Что-то нелепое, даже не совсем реальное было в том, что она сидела на крыльце, подставив ноги и лицо весеннему солнцу, в каком-то Мокшанске, о существовании которого она даже не подозревала до войны. Нелепое было в тишине пустого двора заготконторы, в стуке дятла на сосне, который, видимо, отказывался считать это место за настоящий город, в беготне и суетливых пересвистываниях скворцов, в сильном запахе сирени, перевалившейся тяжелым водопадом через запруду серого нагнувшегося забора во дворе. Она сидит, слышит дятла, зажмурившись от солнца, а в это время идет, продолжается война.

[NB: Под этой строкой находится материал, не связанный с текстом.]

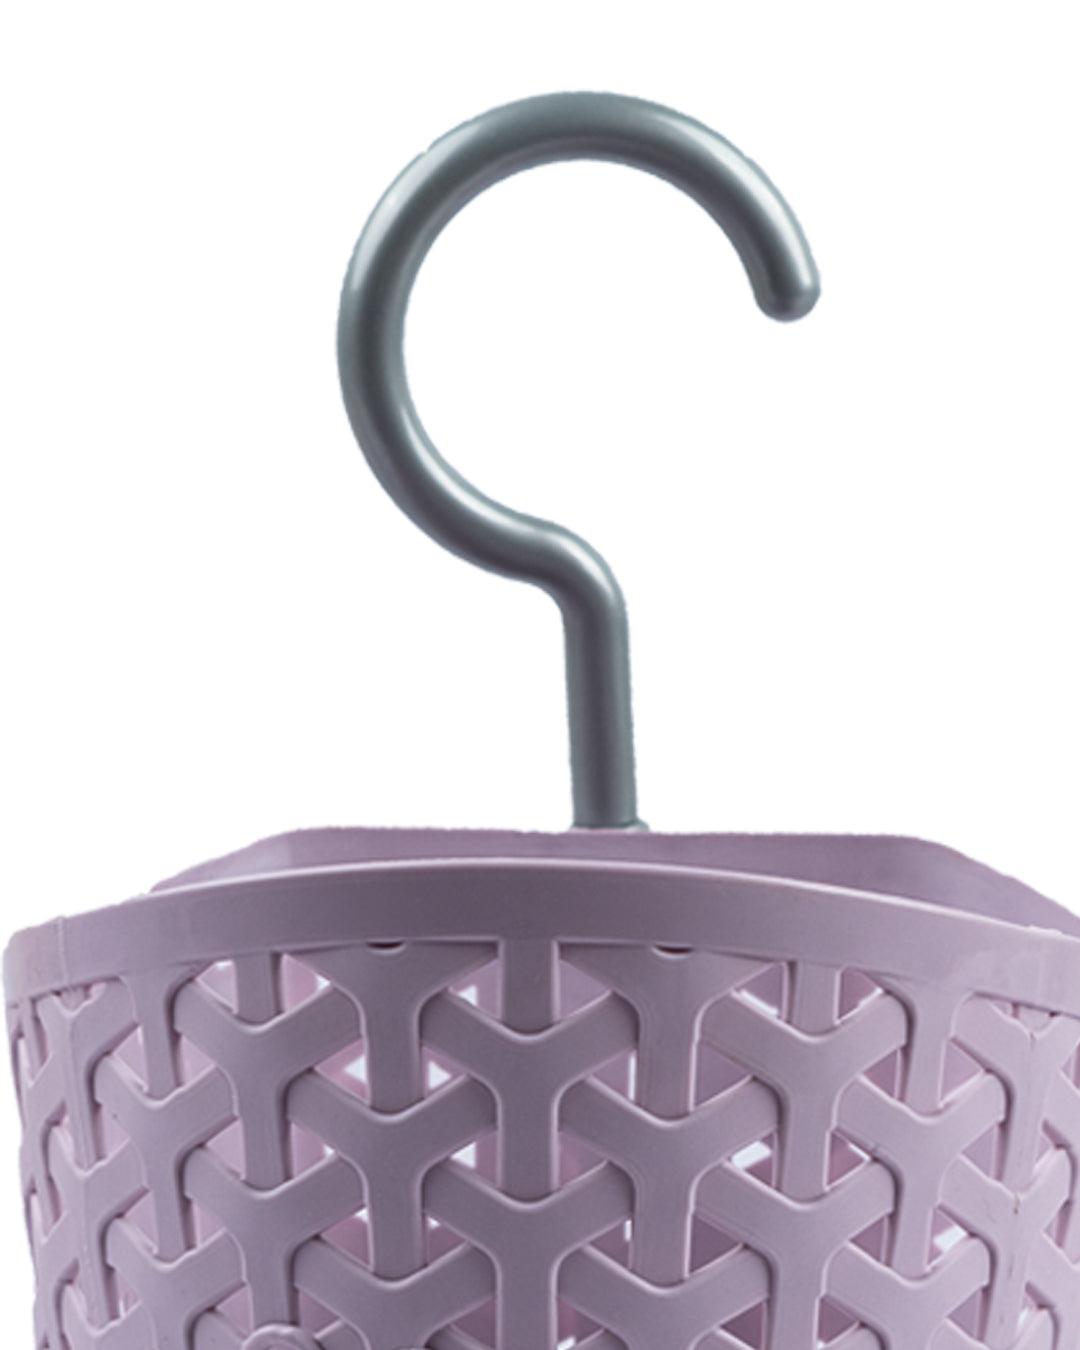 Baskets with Hook, Purple, Plastic, Set of 2 - MARKET 99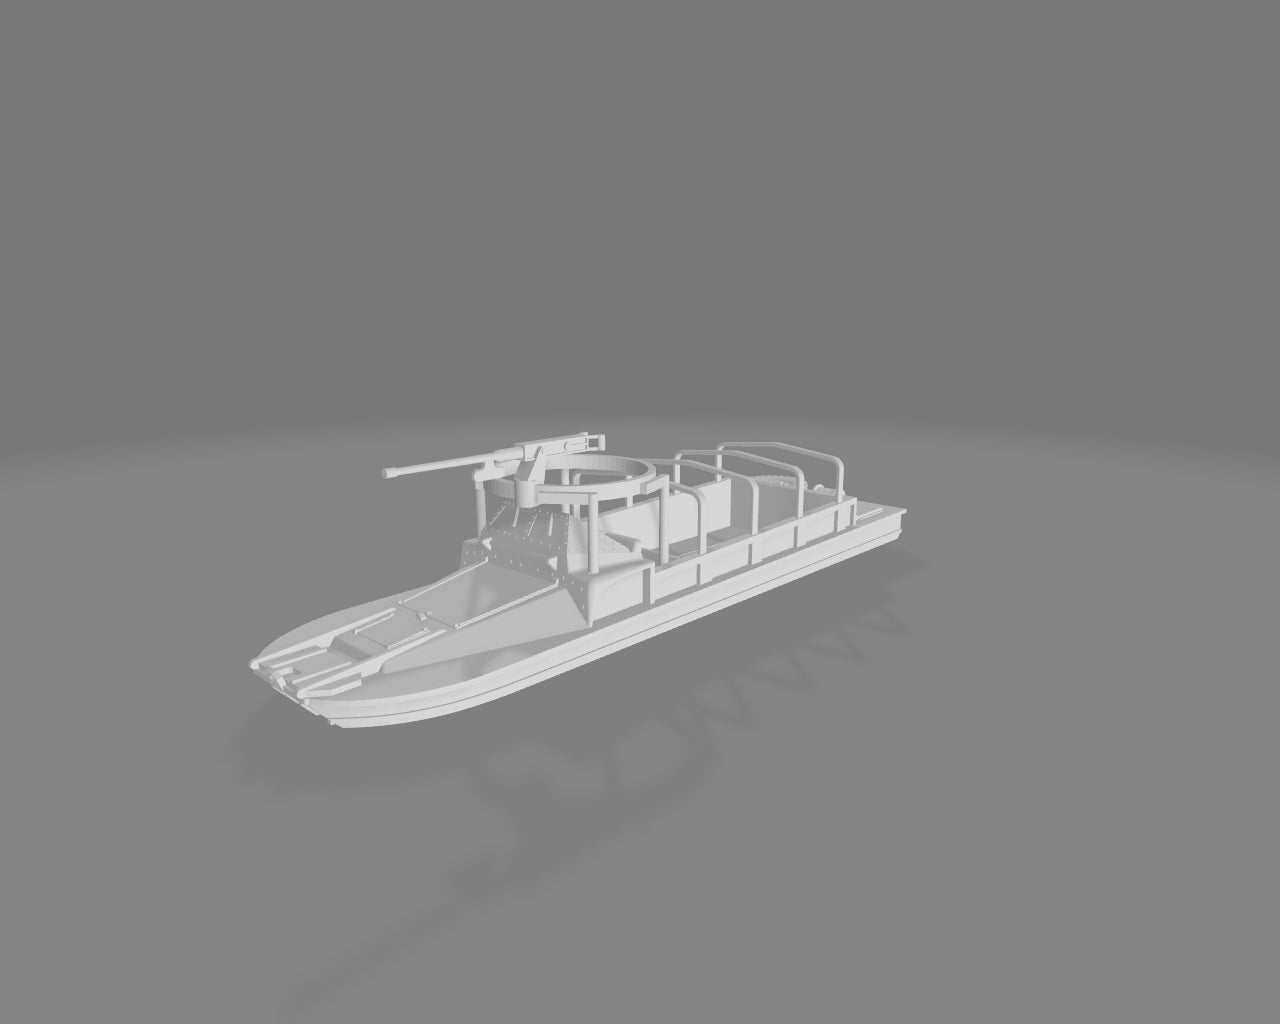 American GMC DUKW 353 - Waterborne

Она знала, что такое война. Это когда все, что было твоей жизнью, твоей милой, только открывающейся перед тобой жизнью, переполненной начинающими сбываться надеждами, домашним теплом, ослепляющей широтой, безбрежностью мира, - все разом безобразно и грубо рушится совсем так же, как рушатся стены домов от бомб: гудение самолетов в вышине, отдаленные удары и потом нарастающий свист, уже близкий удар, и стена старого, с самого детства привычного, знакомого, такого надежного дома - неподвижная, неколебимая - вдруг оживает, приходит в движение, начинает клониться и, разваливаясь на лету громадными кусками, с балконами, расколотыми пополам квартирами, обнажившимися спальнями и уборными, рушится, рушится, и с земли взлетает облако праха и пыли. И когда оно рассеивается - дома больше нет.

Теперь в ее жизни уже осело облако взметнувшейся пыли и пепла, все улеглось, и вот тишина во дворе райзаготконторы в заросшем травой городишке, и все, что есть теперь у нее в жизни, - место у пишущей машинки, тюфяк на дощатом топчане, набитый шуршащим сеном, четыре стены комнаты, бывшей лавочки, ход прямо с улицы. И железная кровать, на которой спит отец.

Даже воспоминаний у нее еще не было, ведь жизнь только-только начиналась, только начинали сбываться ее предчувствия близости счастья. Даже ее первое белое платье на гулянье в лунную ночь, которая скорей была поздним лунным вечером, с гитарой, пением, сильным запахом цветов табака на дачной клумбе - после того, как она сдала экзамены в институт, - даже это было только ожиданием и не могло стать воспоминанием, просто они жадно заглядывали вперед и им всем было так хорошо, что и гуляли-то они все вместе, кучей, чуть не всем классом!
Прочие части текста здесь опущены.